Each illustrates the potential for discovery with these data and
reinforces how metabolic physiology is globally adjusted
through small yet coordinated change at the level of mRNA.
Nutrient sensing via insulin and TOR. Insulin/IGF signaling
in Drosophila regulates a variety of biological processes,
including growth, reproduction, and aging (16, 43, 60). It
functions as a systemic nutrient signaling system through
circulating dILP (encoded by dilp1–7) (5, 21). TOR signaling
also provides nutrient sensing (19) but in an exclusively cell
autonomous manner. Gain-of-function mutations in either the
insulin or the TOR pathway stimulate cell growth, whereas
hypomorphic mutations decrease growth (16) and, in some
cases, extend lifespan (9, 25, 60). While these regulatory
actions of insulin/IGF and TOR are understood in terms of
signal transduction cascades, our data indicate an additional
level of control: nutrients coordinately regulate the expression
of components of the nutrient sensing systems themselves.
Transcripts encoding proteins of the insulin/IGF and TOR
pathways decreased within 3 h of refeeding (Fig. 2, A and C),
suggesting they were upregulated in the absence of yeast.

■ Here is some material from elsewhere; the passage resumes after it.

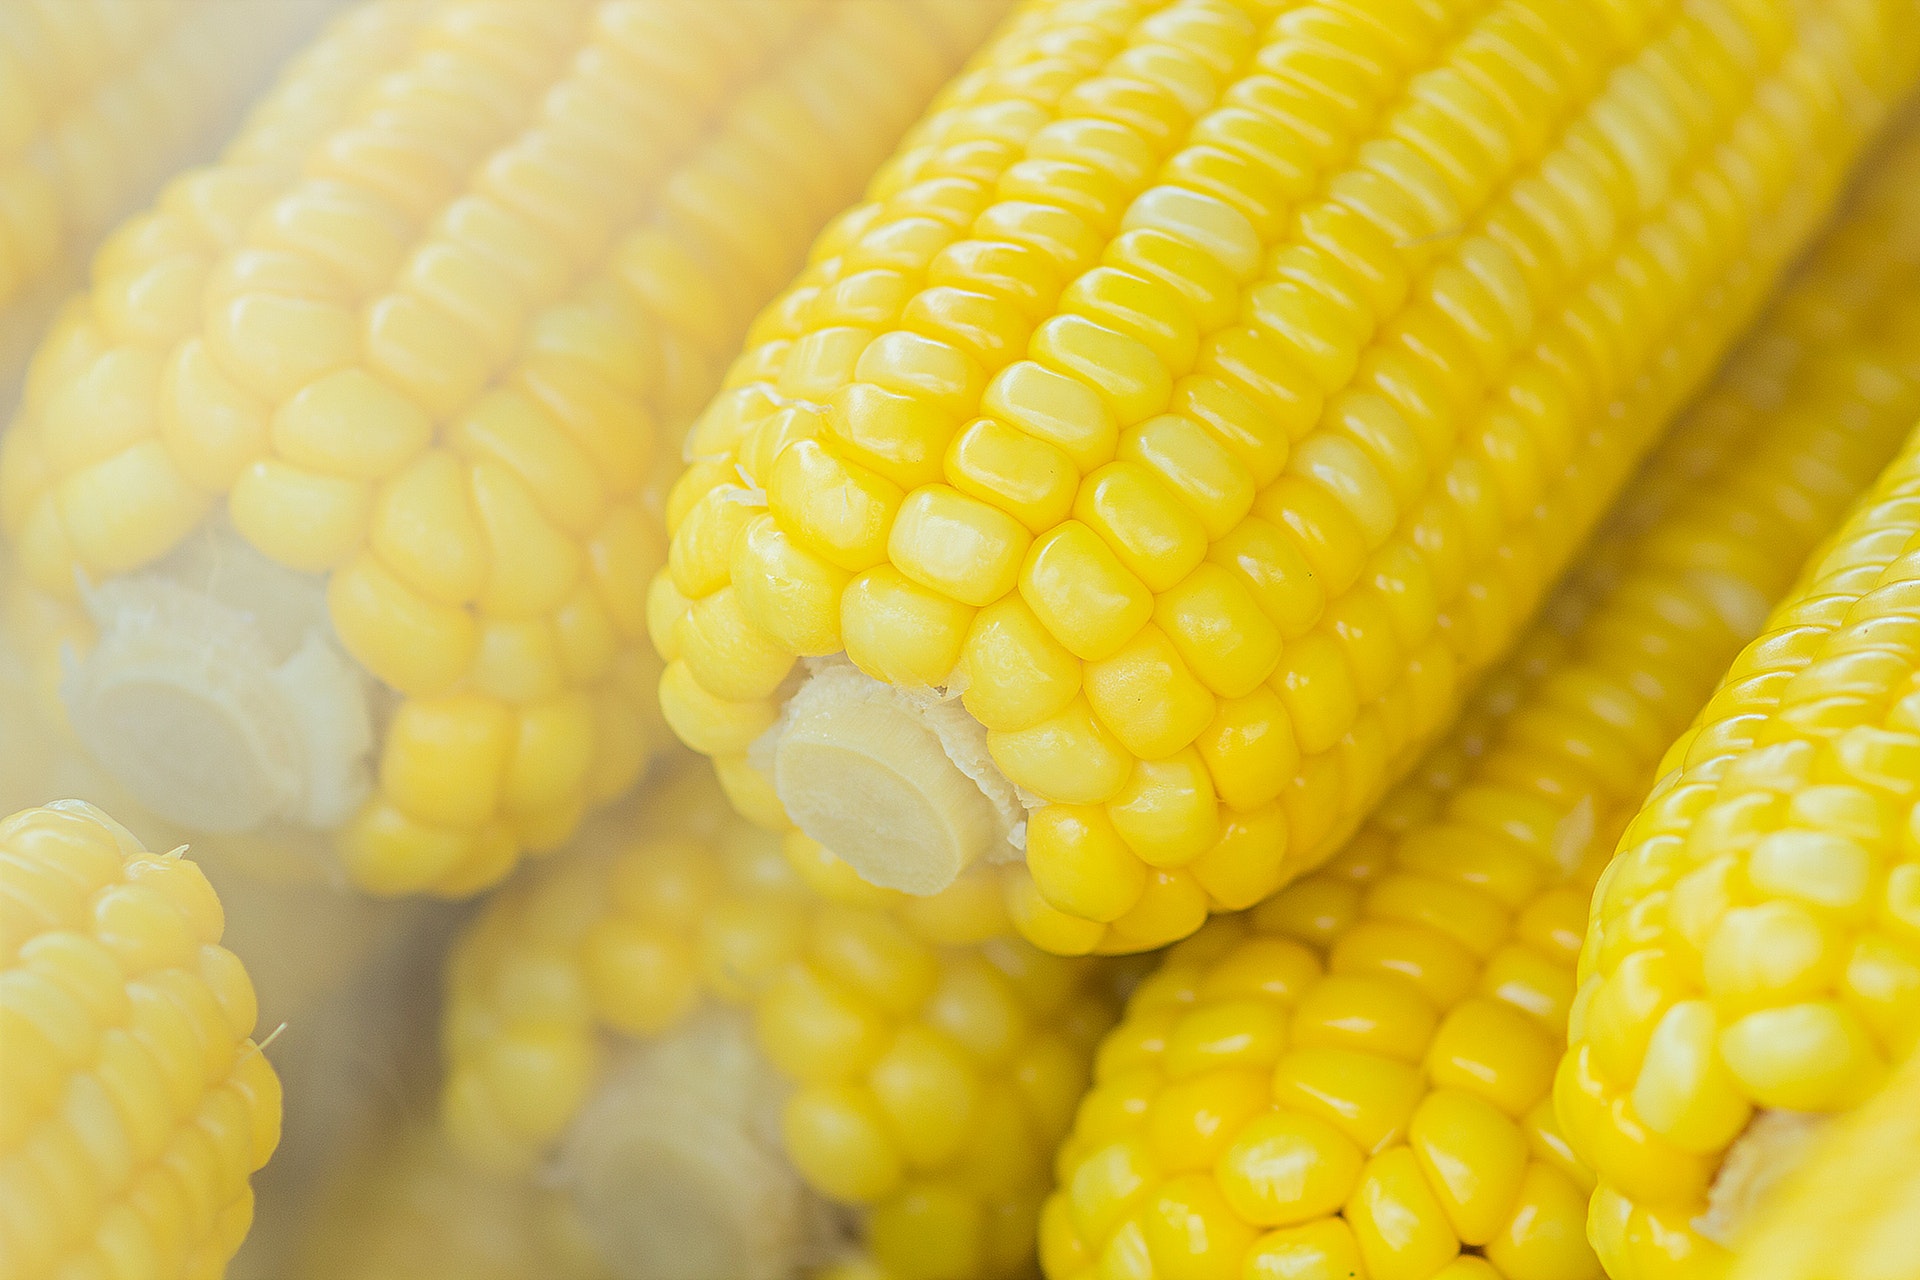 Image of ears of corn

mRNAs encoding the InR, the insulin receptor substrate-1
homolog chico, and phosphatidylinositol-dependent kinase-1,
PK61C, synchronously declined by 30 – 40% (Fig. 2A). These
dynamics contrast with the stasis of the dilp loci; there was no
change observed in transcripts for insulin ligands over this time
course (Fig. 2B). It is possible that changes in mRNAs encoding the dILPs, produced in a small set of neurosecretory cells,
would be obscured in the whole organism RNA samples
analyzed here. However, these patterns are consistent with
observations in yeast-deprived adults; dILP peptides are
present but compact within the pars intercerebralis neurons of
the brain (67). These peptides are rapidly processed and secreted along the medial secretory neuron when adults are refed.

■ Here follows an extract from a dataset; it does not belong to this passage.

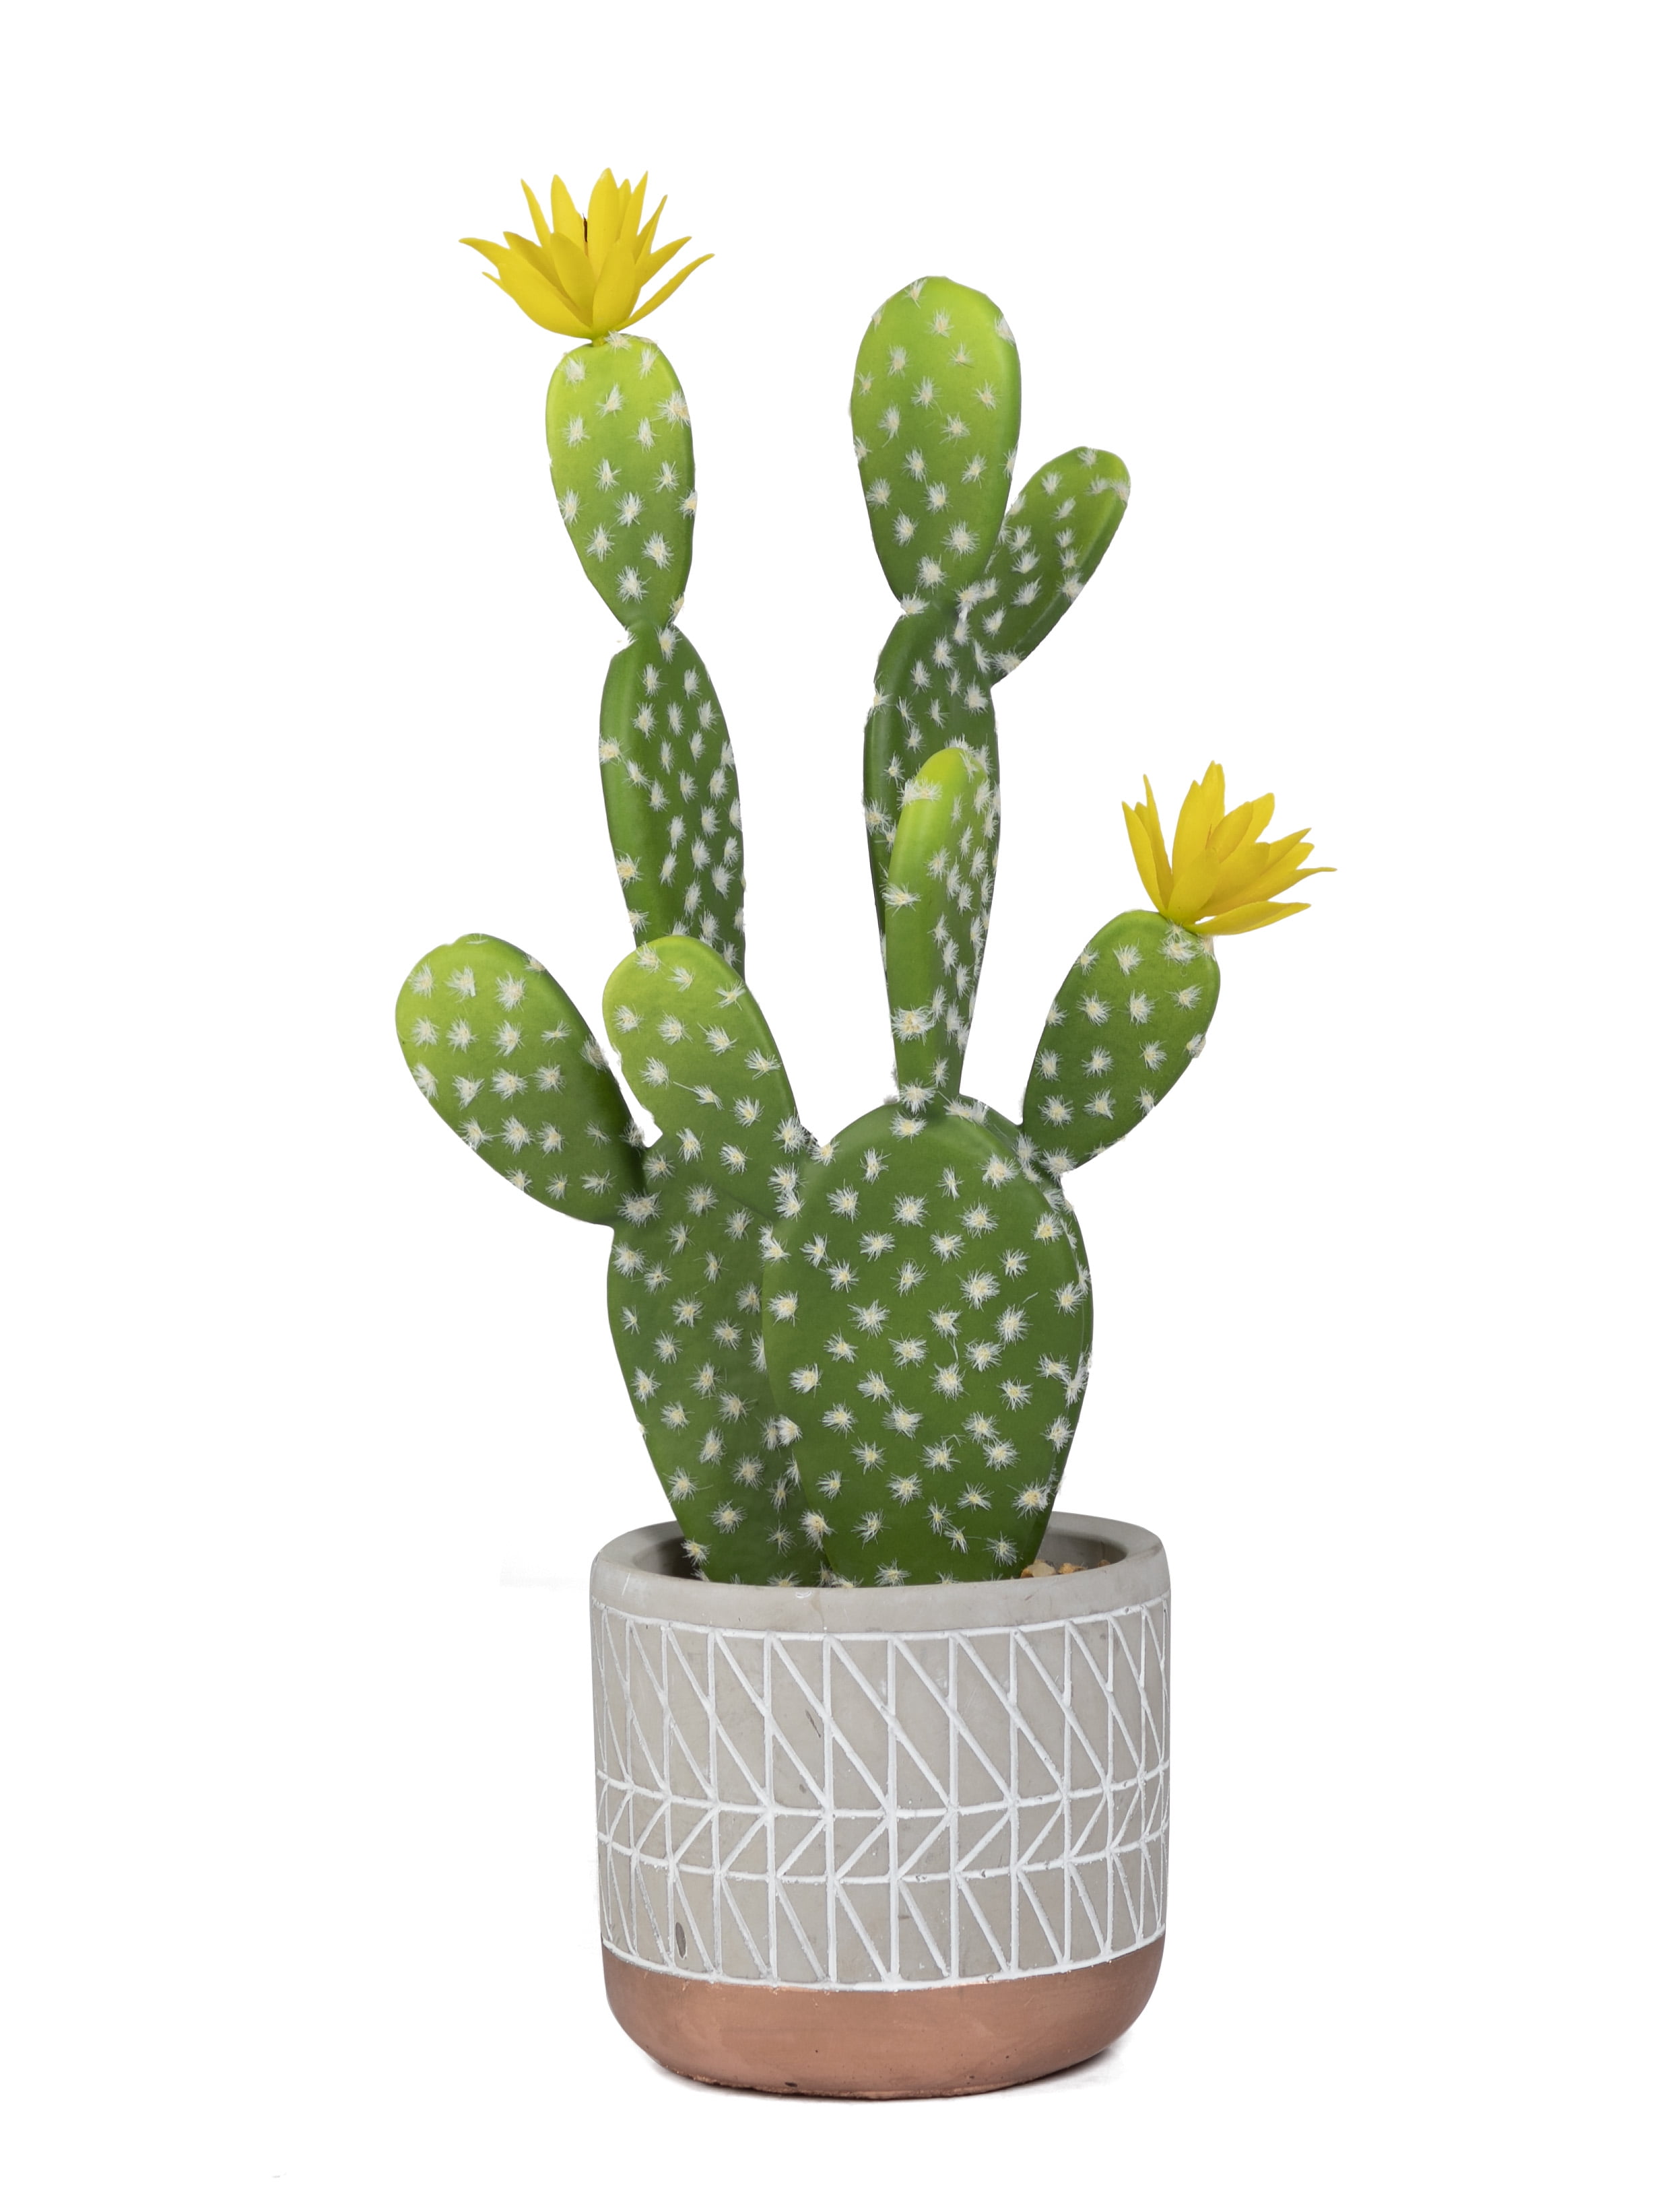 Details about   Mini Artificial Tropical PlantSucculent Cactus PlantsIndoor Houseplant

Thus, the response to nutrition in D. melanogaster involves
immediate secretion of stored dILPs possibly with delayed
transcription of the ligand.
The InR controls the activity of the transcription factor
FOXO through its phosphorylation of FOXO by the downstream kinase Akt (1). While dfoxo and akt1 expression were
unchanged in refed flies (Fig. 2D), mRNAs for InR and the
translational repressor, 4eBP, were reduced (Fig. 2, A and C).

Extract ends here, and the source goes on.